Но саму Н. Мандельштам и ее "табунок" все это волновало очень мало. В "карнавальном" (цитирую: "в карнавальном") Киеве 1918 года эти развращенные пацаны "врывались в чужие квартиры, распахивая окна и балконные двери… крепко привязывали свое декоративное произведение (наглядную агитацию к демонстрации - плакаты, портреты Ленина и Троцкого, красные тряпки и прочую гадость. - А.Б.) к балконной решетке".
"Мы орали, а не говорили и очень гордились, что иногда нам выдают ночные пропуска и мы ходим по улицам в запретные часы".

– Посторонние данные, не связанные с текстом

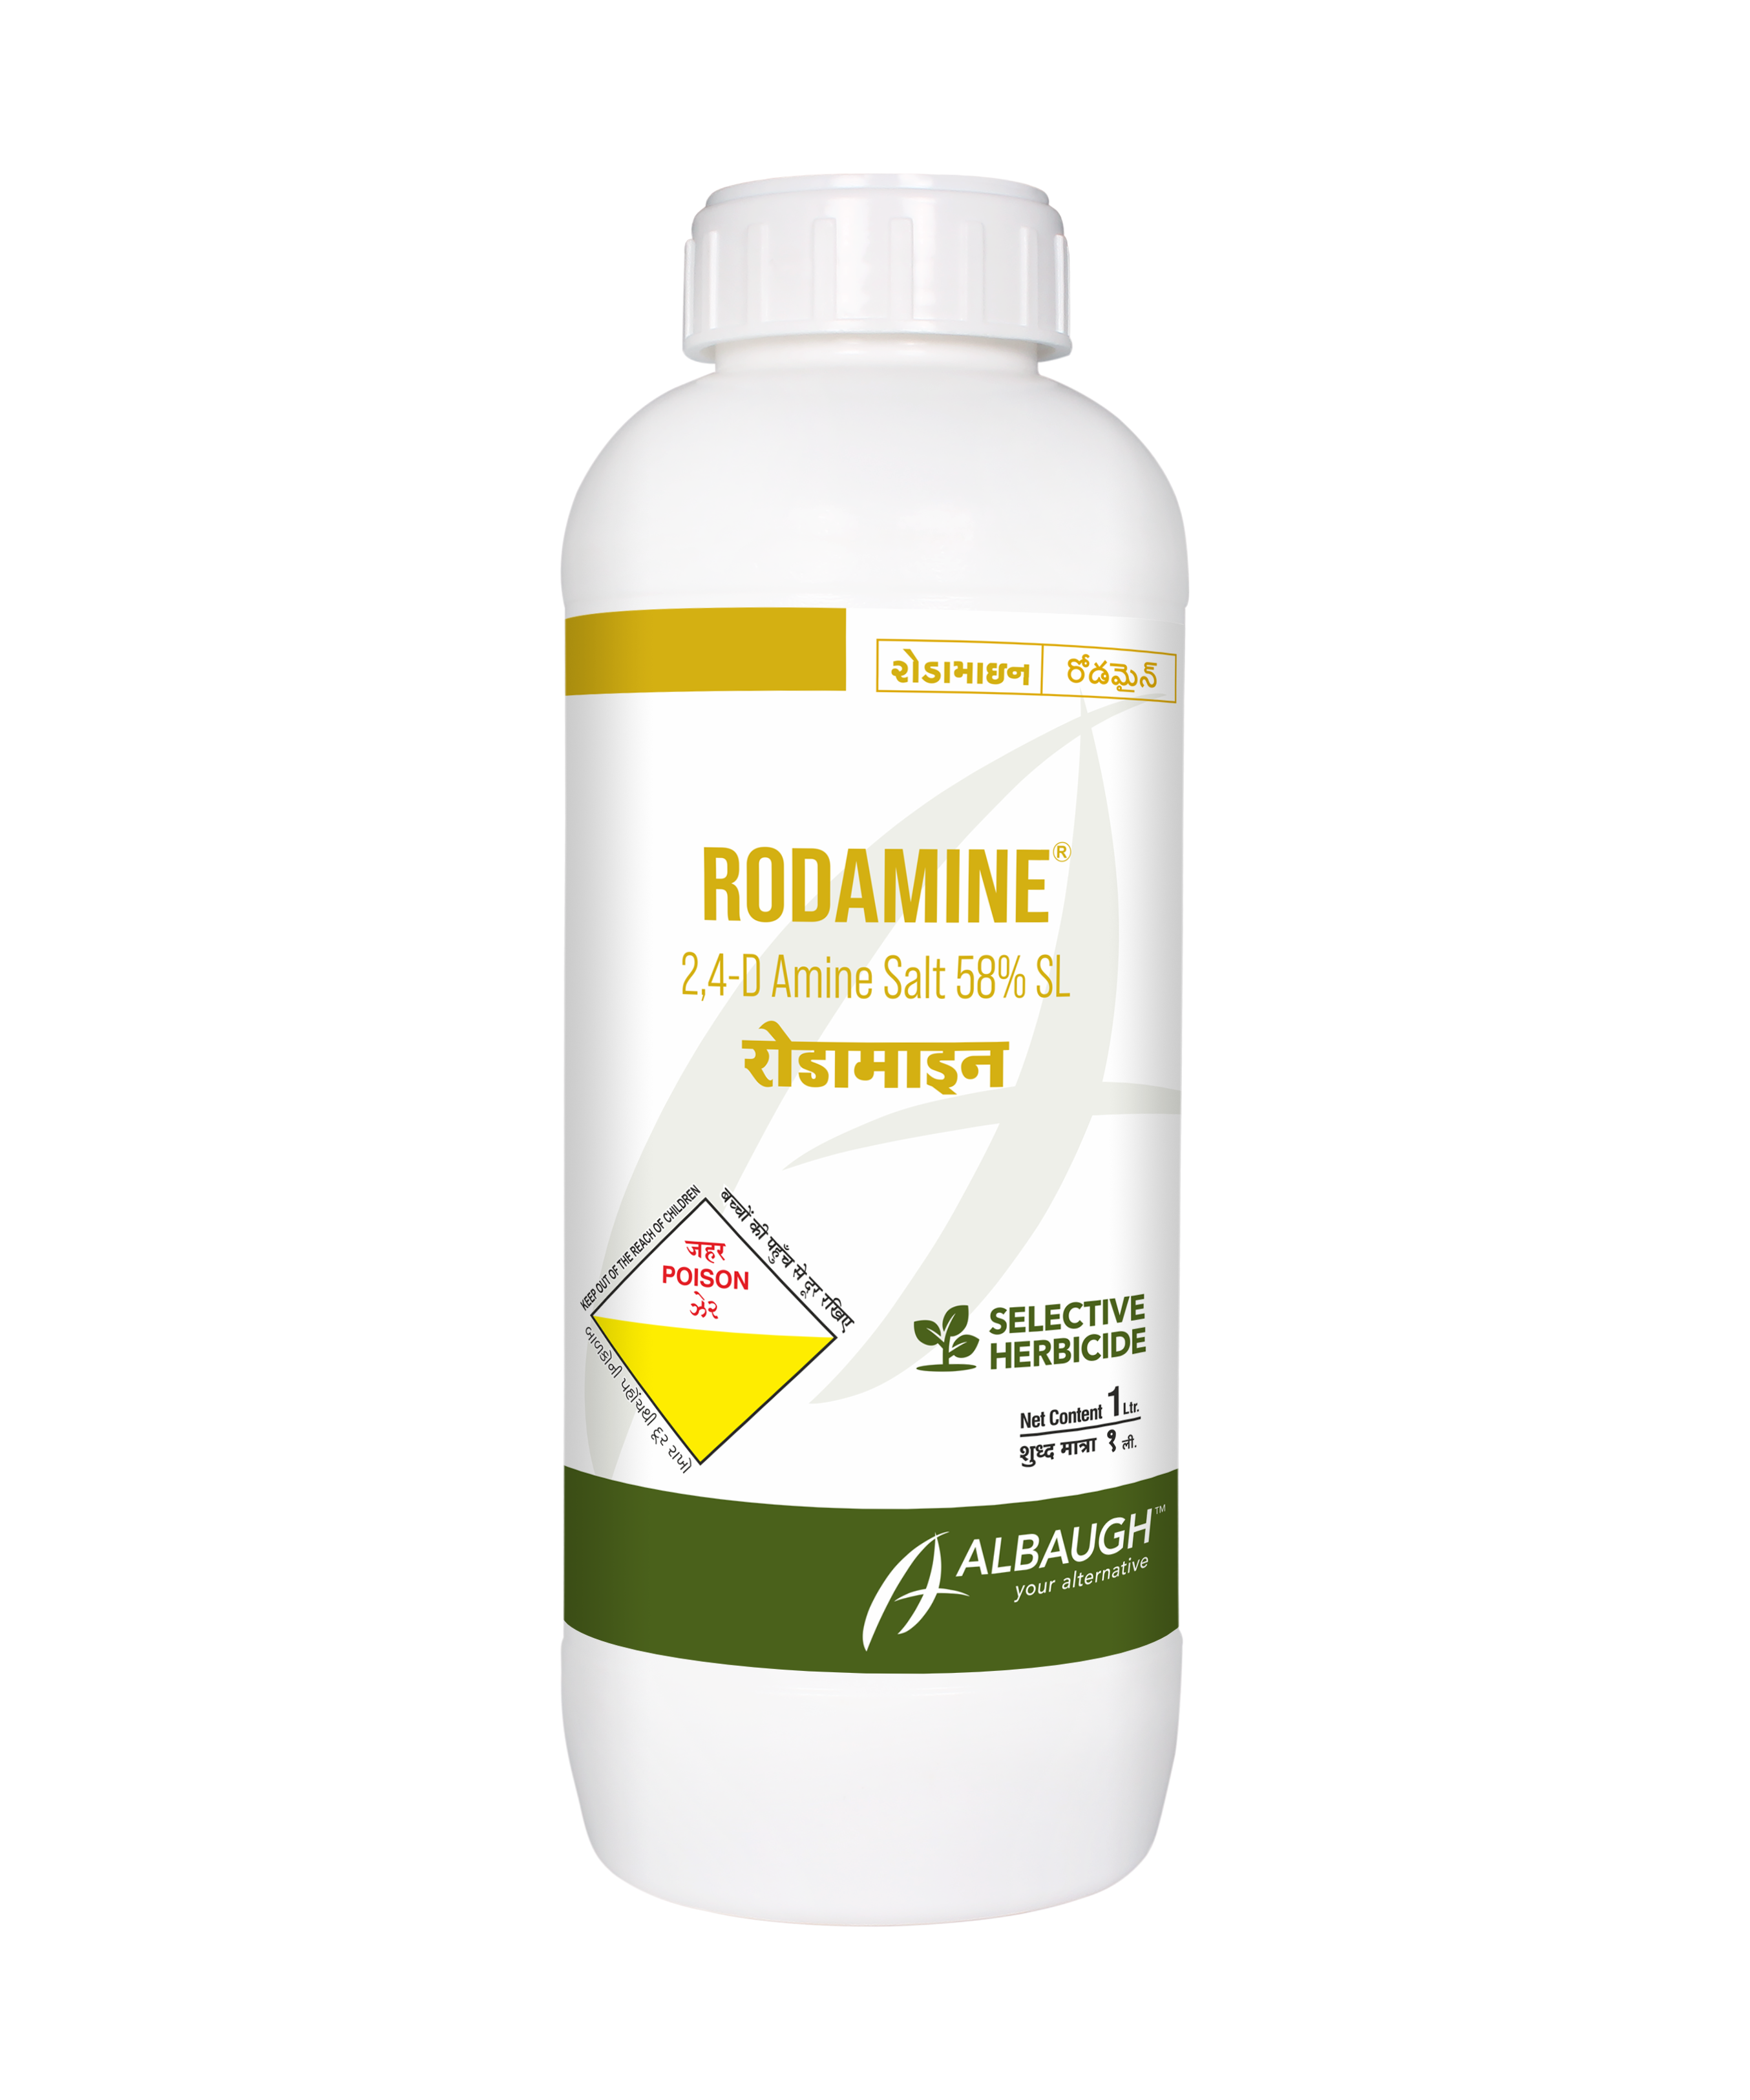 Rodamine: 2,4-D Amine Salt 58% SL

Словом - и этим существам было очень, очень весело в заваленном трупами, изнасилованном городе. Весело за счет того, что можно было "орать, а не говорить", терроризировать нормальных людей и как бы участвовать в чем-то грандиозном - в "переустройстве мира".
Про портреты Ленина и Троцкого… По рассказам моей бабушки, Веры Васильевны Сидоровой, в Киеве 1918–1919 года эти портреты производили на русскую интеллигенцию особенное впечатление. Монгольское лицо Ленина будило в памяти блоковских "Скифов", восторженные бредни Брюсова про "Грядущих гуннов", модные разговоры о "конце цивилизации". Мефистофельский лик Троцкого будил другие и тоже литературные ассоциации. Монгол и сатана смотрели с этих портретов, развешанных беснующимися прогрессенмахерами.
"Юность ни во что не вдумывается?" - а вот это уже прямая ложь! Не в этом дело. Это смотря какая юность. И типичный пример вранья коммунистов: свои глупости и заблуждения они относят ко всему человечеству. А остальных людей как бы и нет.
Террор их и их близких не касался - для красных они были "свои", белые и не подумали бы заниматься истеричными, плохо воспитанными сопляками. Как-то несправедливо - и войди белые в город, даже порка этим развращенным щенкам не светила. Это не отца Надежды Мандельштам водили каждый день на расстрел, это не она искала близких в подвалах ЧК, это не у нее были причины отыскать известную на весь Киев чекистку Розу, палача нескольких сотен ни в чем не повинных людей.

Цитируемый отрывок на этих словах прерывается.